--- Task details ---
The pictures stay out. Please retype every line below exactly.

** Opening Supplied data block **

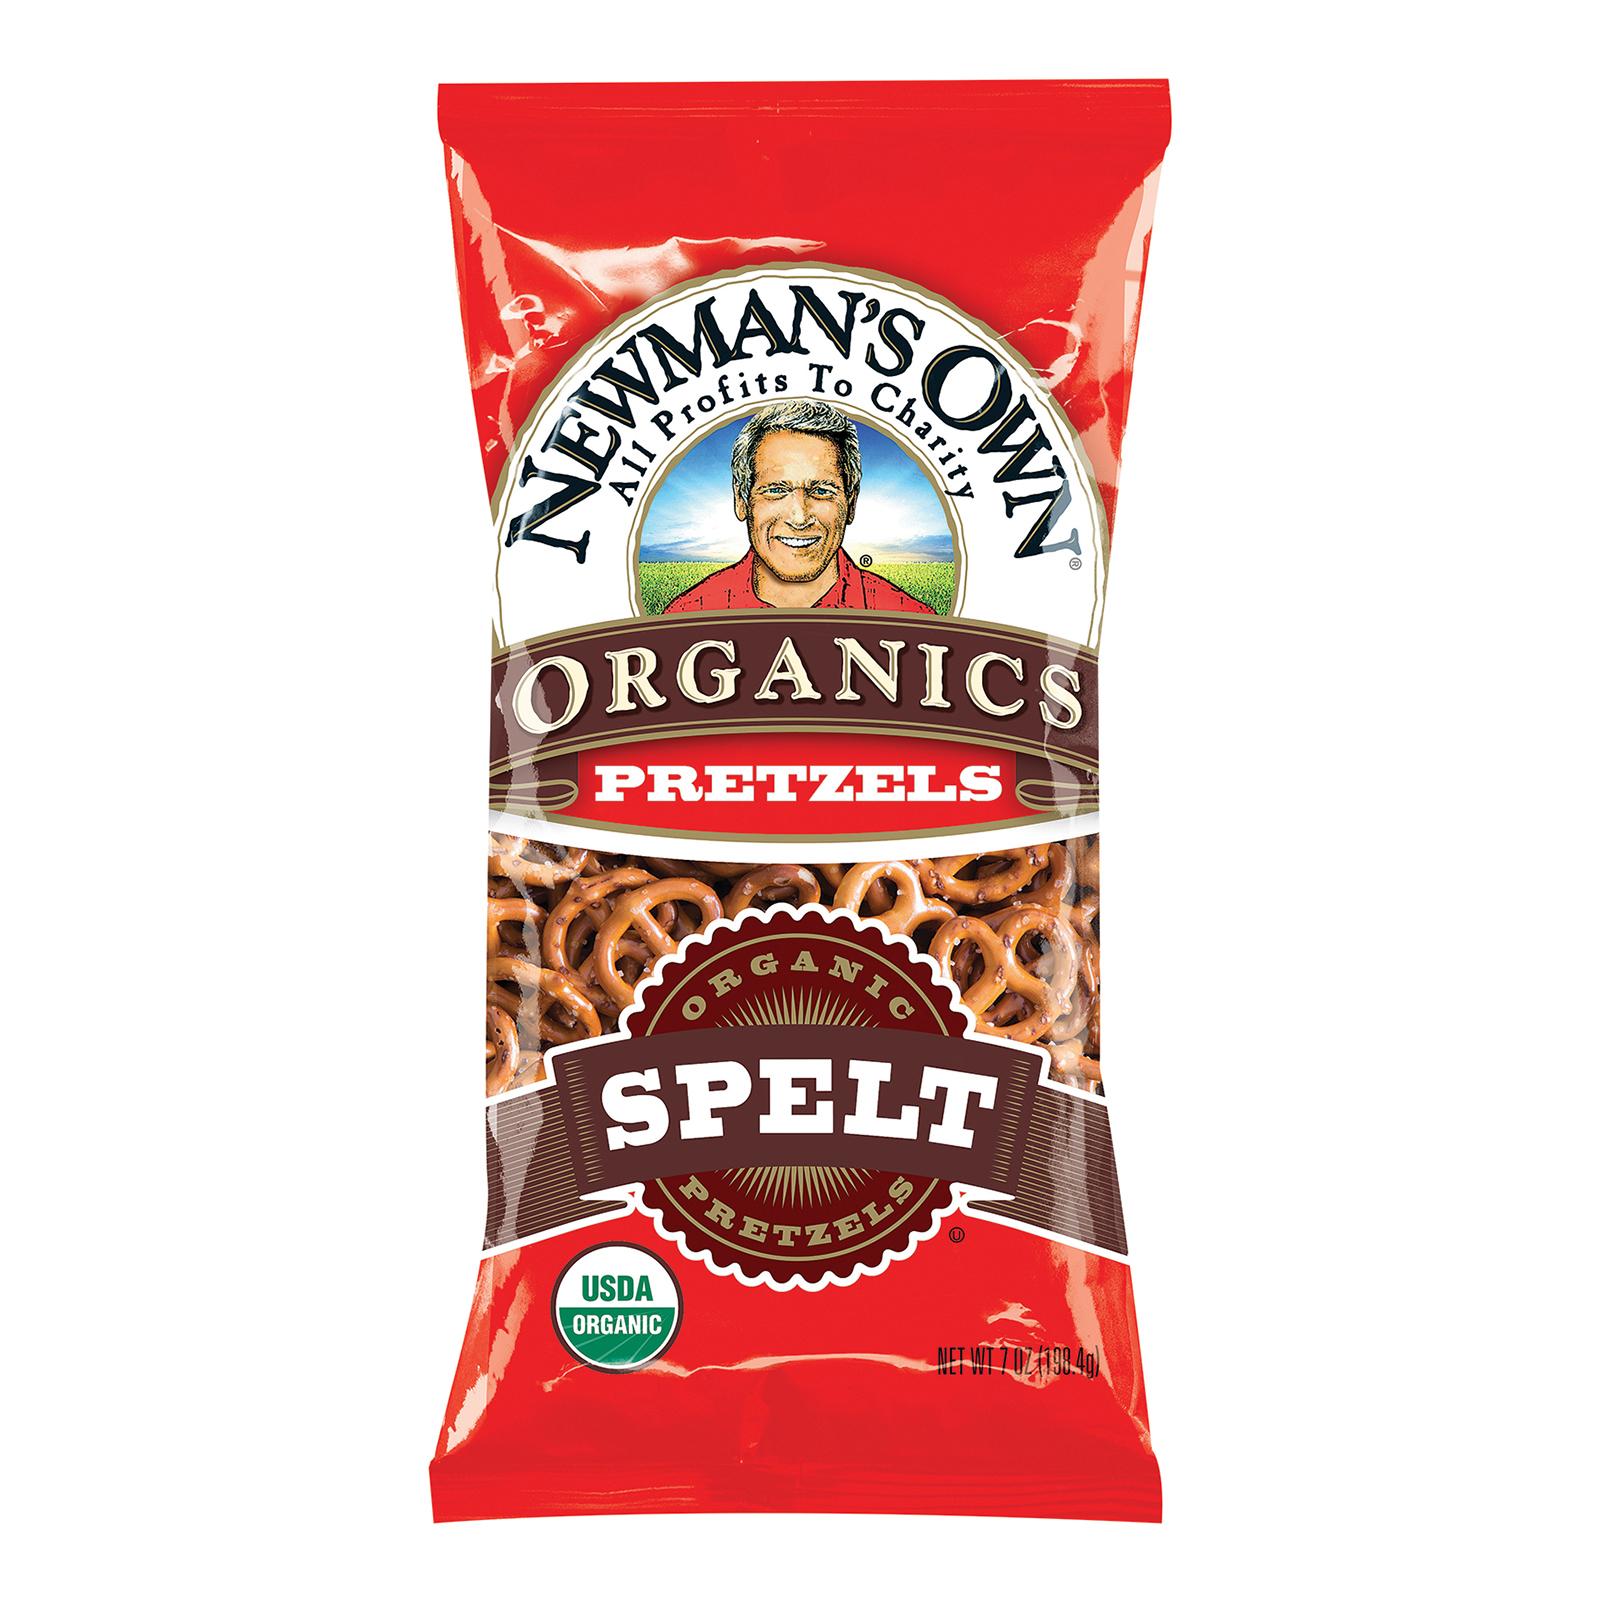 Newman's Own Organics Spelt Pretzels - Case of 12 - 7 oz.
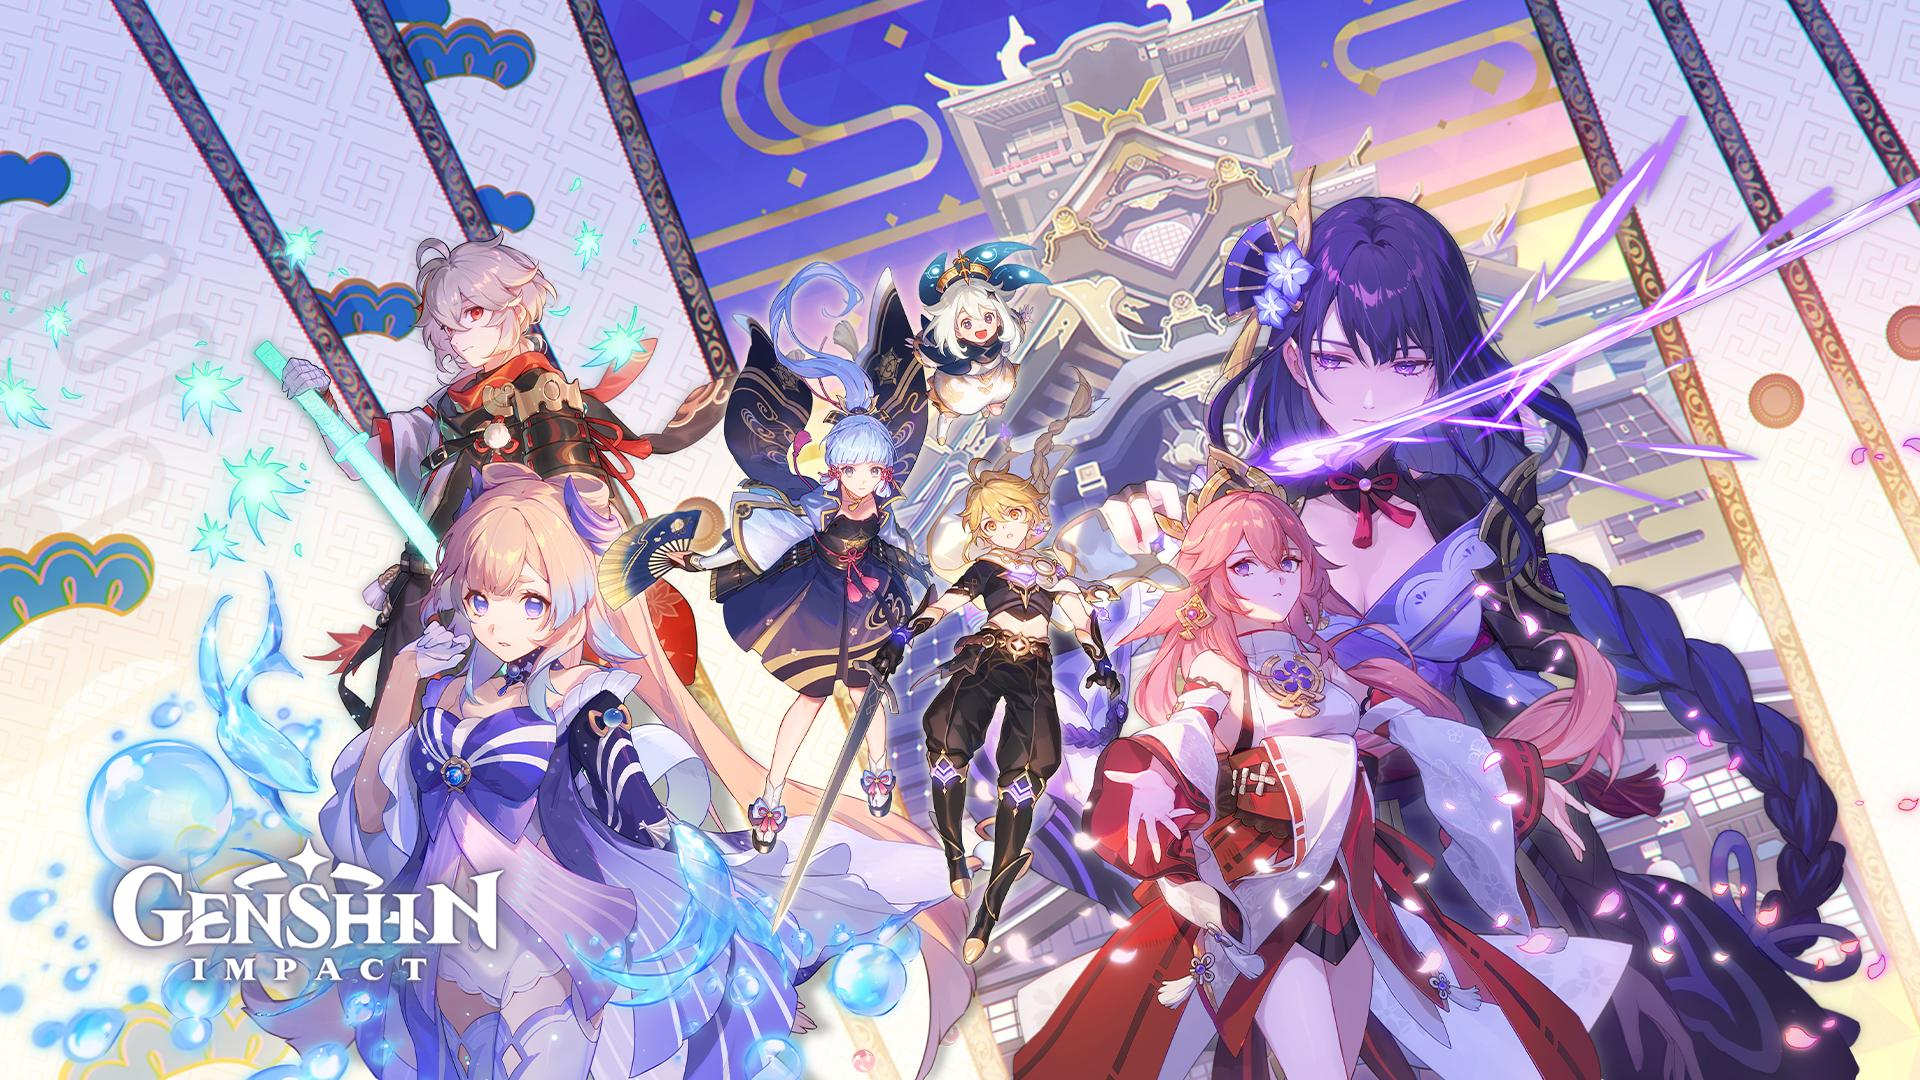 genshin-impact-kokomi-meme-story-feature-official-artwork-GamersRD
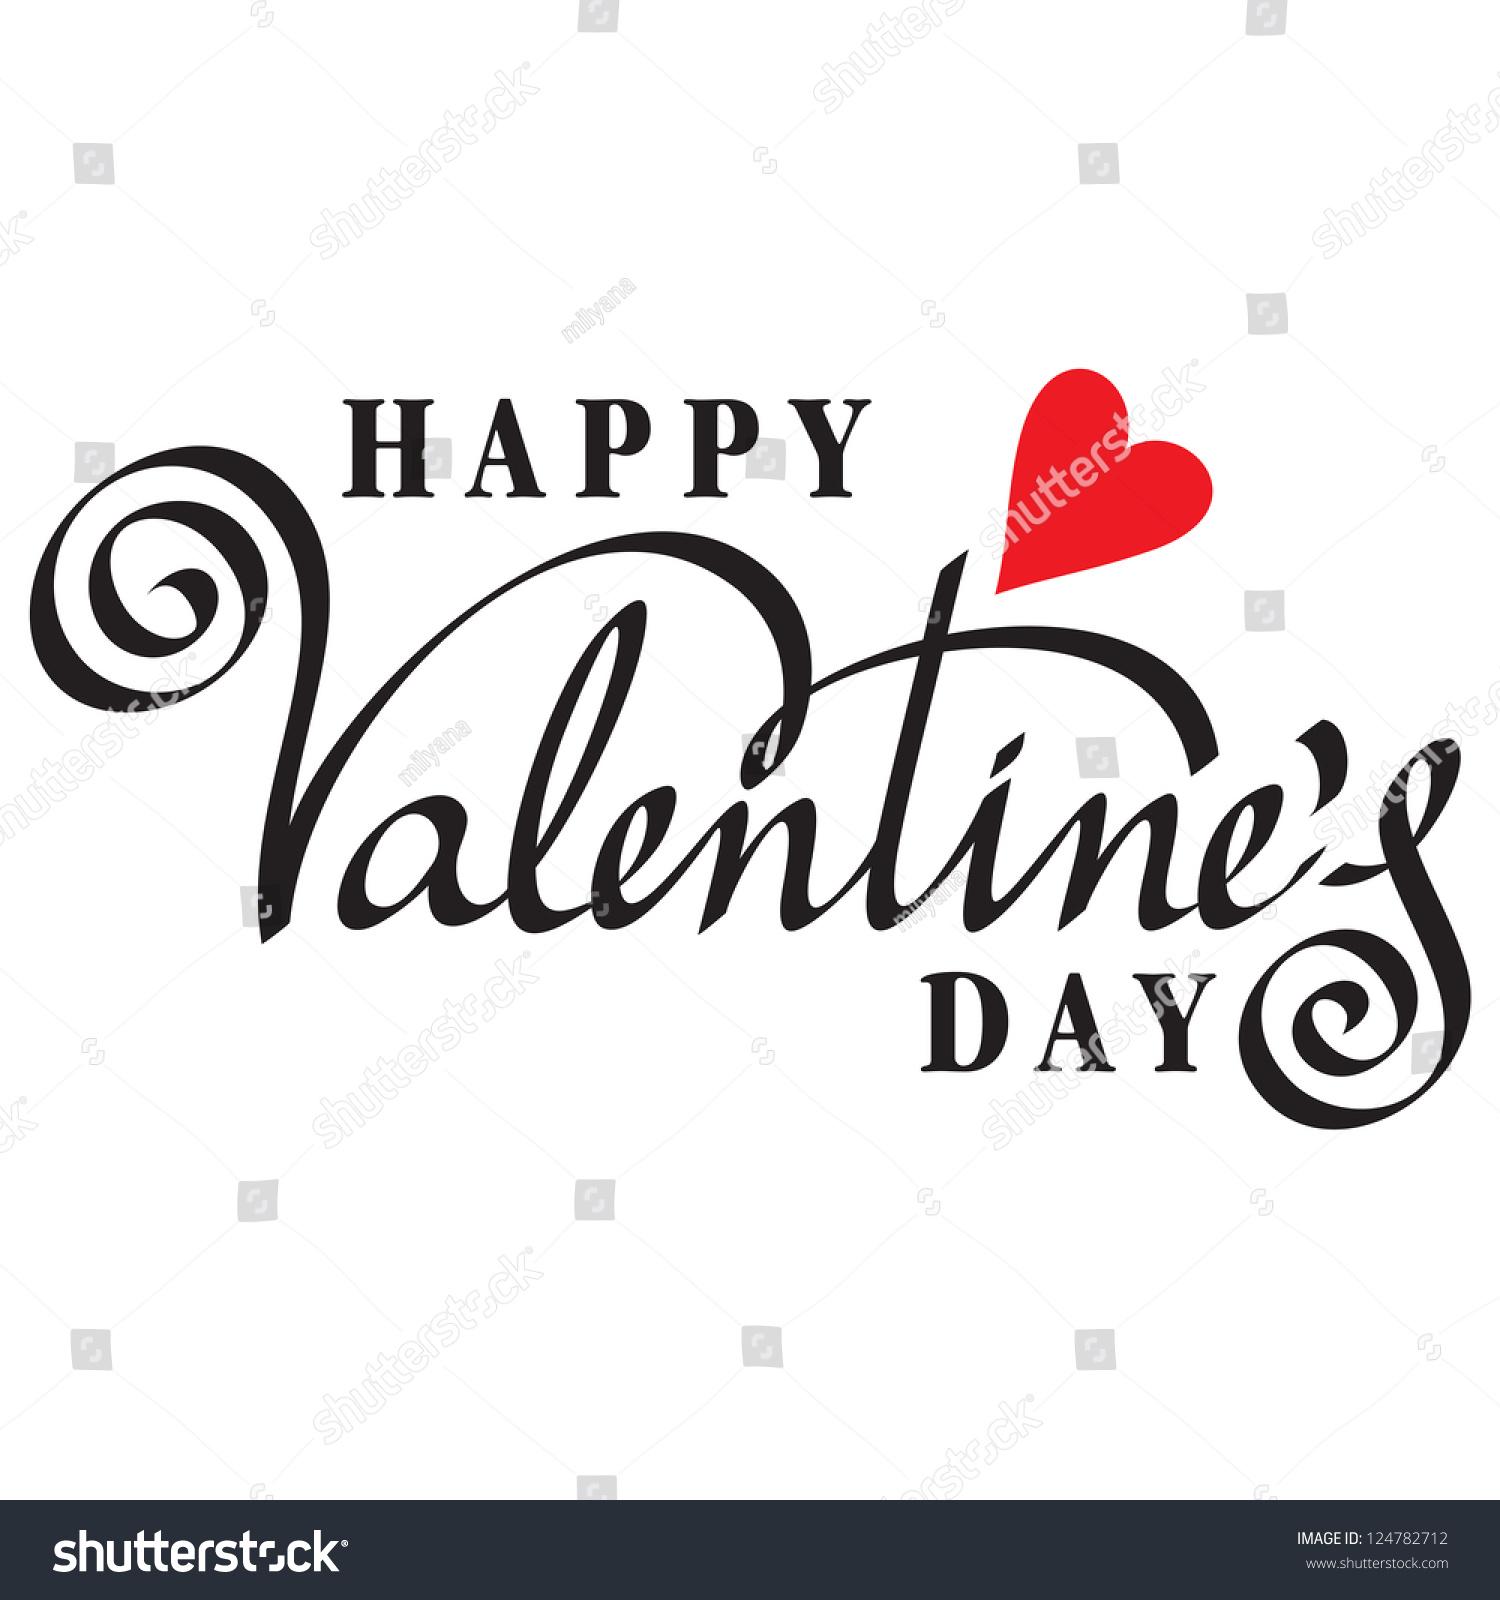 Happy valentine s day hand lettering handmade
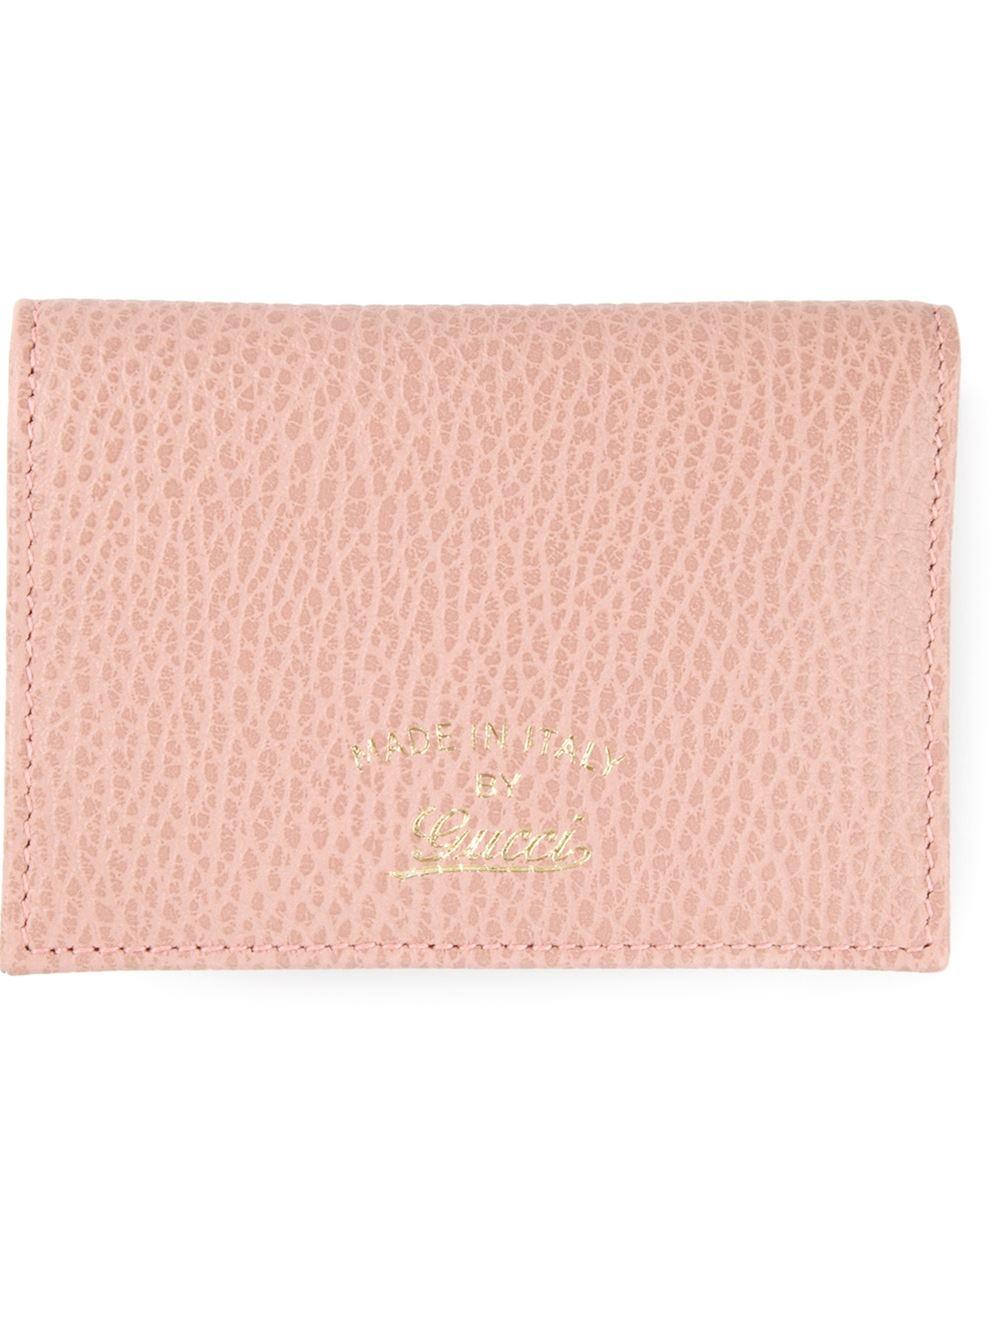 65c5c4a3ff96b Lyst - Gucci Classic Card Holder in Pink

** Closing Supplied data block **

--- Answer space ---
 Newman's Own Organics Spelt Pretzels - Case of 12 - 7 oz.
 genshin-impact-kokomi-meme-story-feature-official-artwork-GamersRD
 Happy valentine s day hand lettering handmade
 65c5c4a3ff96b Lyst - Gucci Classic Card Holder in Pink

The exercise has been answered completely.